3
votes

I have been testing parquet files on Azure Blob as opposed to loading data into PostgreSQL tables since I do a lot of my extract/transform steps with pandas and may explore Spark soon.

  1. Are there any pros or cons using pyarrow to open csv files instead of pd.read_csv?
  2. Should I use pyarrow to write parquet files instead of pd.to_parquet?

Ultimately, I am storing raw files (csv, json, and xlsx). I read these with pandas or pyarrow, add some metadata columns, and then save a refined/transformed parquet file (Spark flavor, snappy compression). I then read these transformed files with pyarrow (maybe Spark eventually) and perform some aggregations or other stuff for visualization (which I might save as yet another parquet file).

Am I using more memory by reading data with pyarrow before converting it to a pandas dataframe, or by converting data with pyarrow before saving it as a .parquet file?

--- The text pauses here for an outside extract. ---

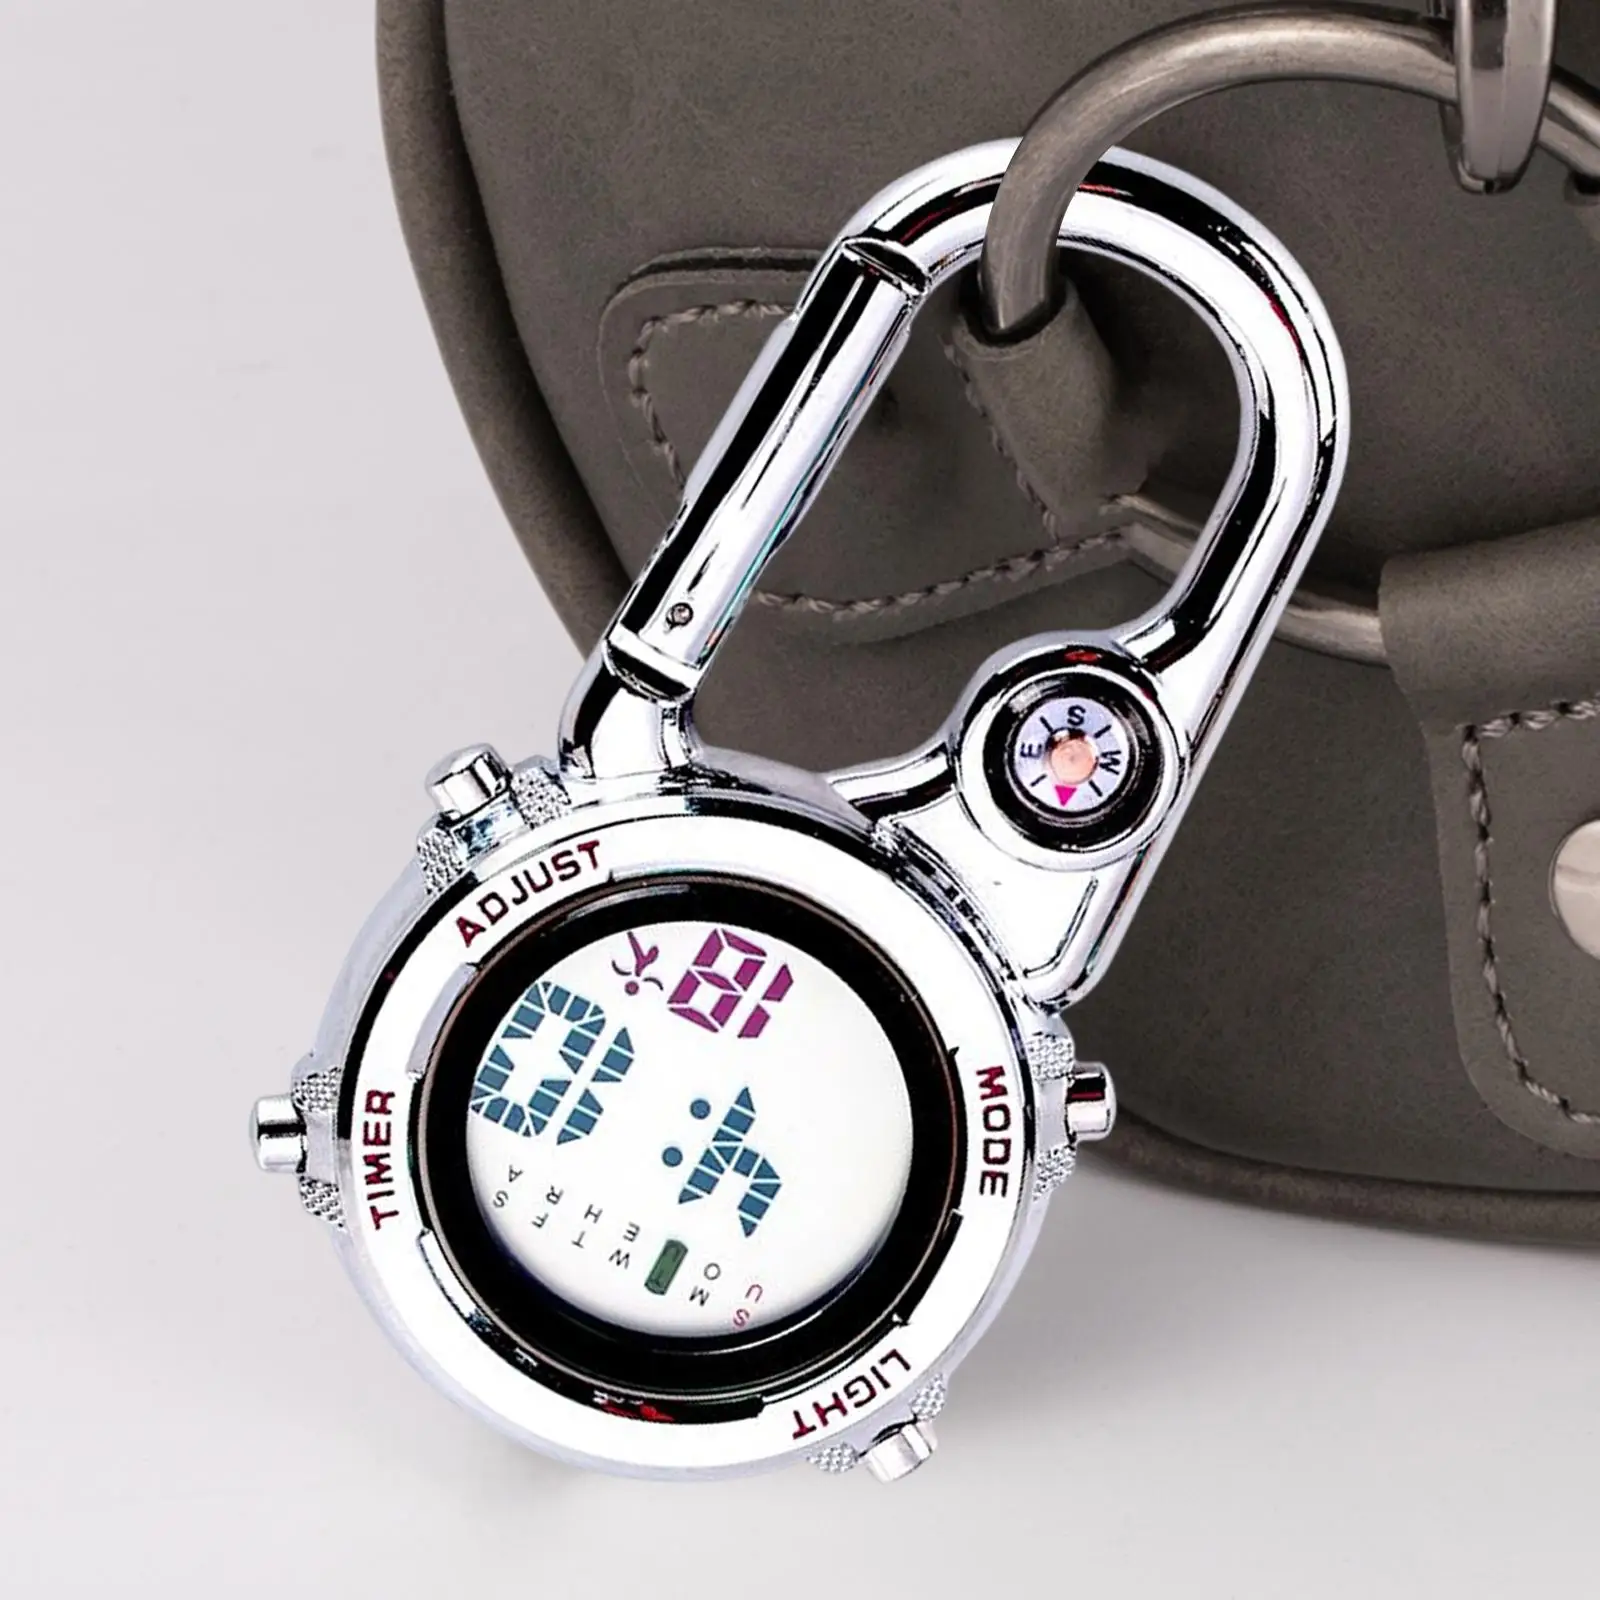 Multifunctional Digital Carabiner Watch Backpack Watch for Outdoor Sports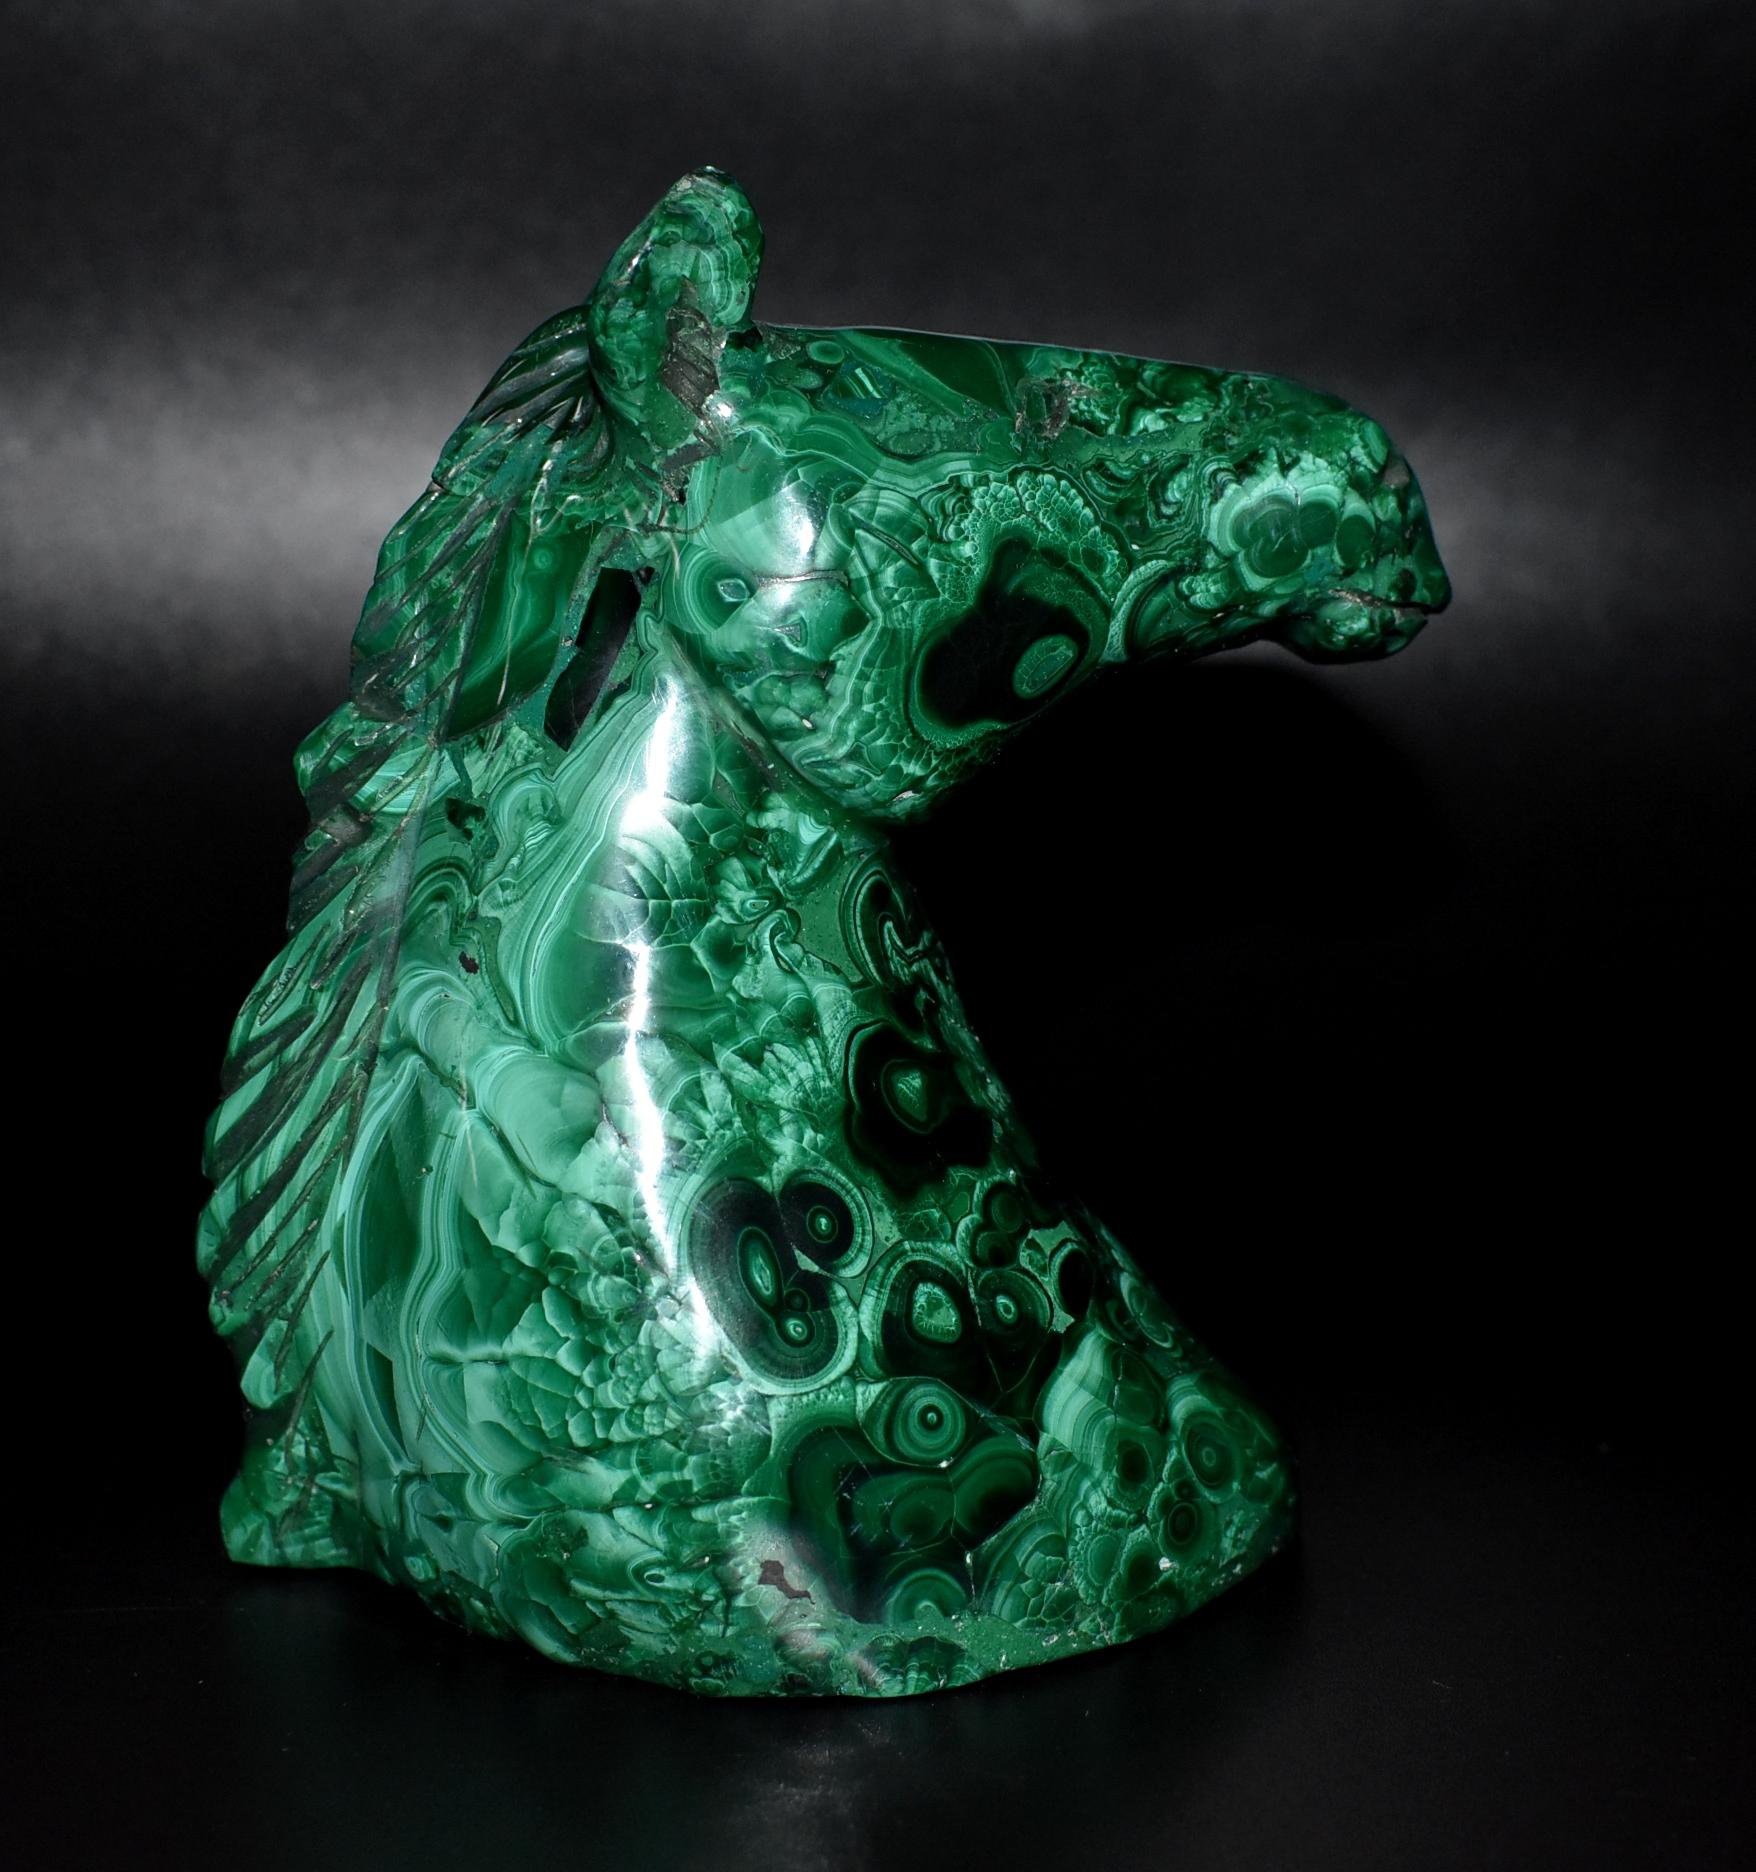 A wonderful 1.8 lb horse bust sculpture in spectacular natural malachite. This exceptional piece uses carefully selected fine grade AAA gemstone malachite in brilliant green, displaying bullseyes, concentric rings and swirls. Horse is finely crafted

I just want to make sure I am being efficient since I am setting up an Airflow operator which will be following these steps for a lot of files/data.

1

1 Answers

3
votes

Are there any pros or cons using pyarrow to open csv files instead of pd.read_csv?

there is no workaround to use pandas dataframe on spark to compute data in distributed mode. pandas dataframe and spark together not practical especially with large datasets. you are basically using the power of spark host not spark itself

Should I use pyarrow to write parquet files instead of pd.to_parquet?

it is not going to be easy to refactor in one shot and replace all pandas dependencies but it would be ideal to use pyarrow at any point of data fetch/set operations

Am I using more memory by reading data with pyarrow before converting it to a pandas dataframe, or by converting data with pyarrow before saving it as a .parquet file?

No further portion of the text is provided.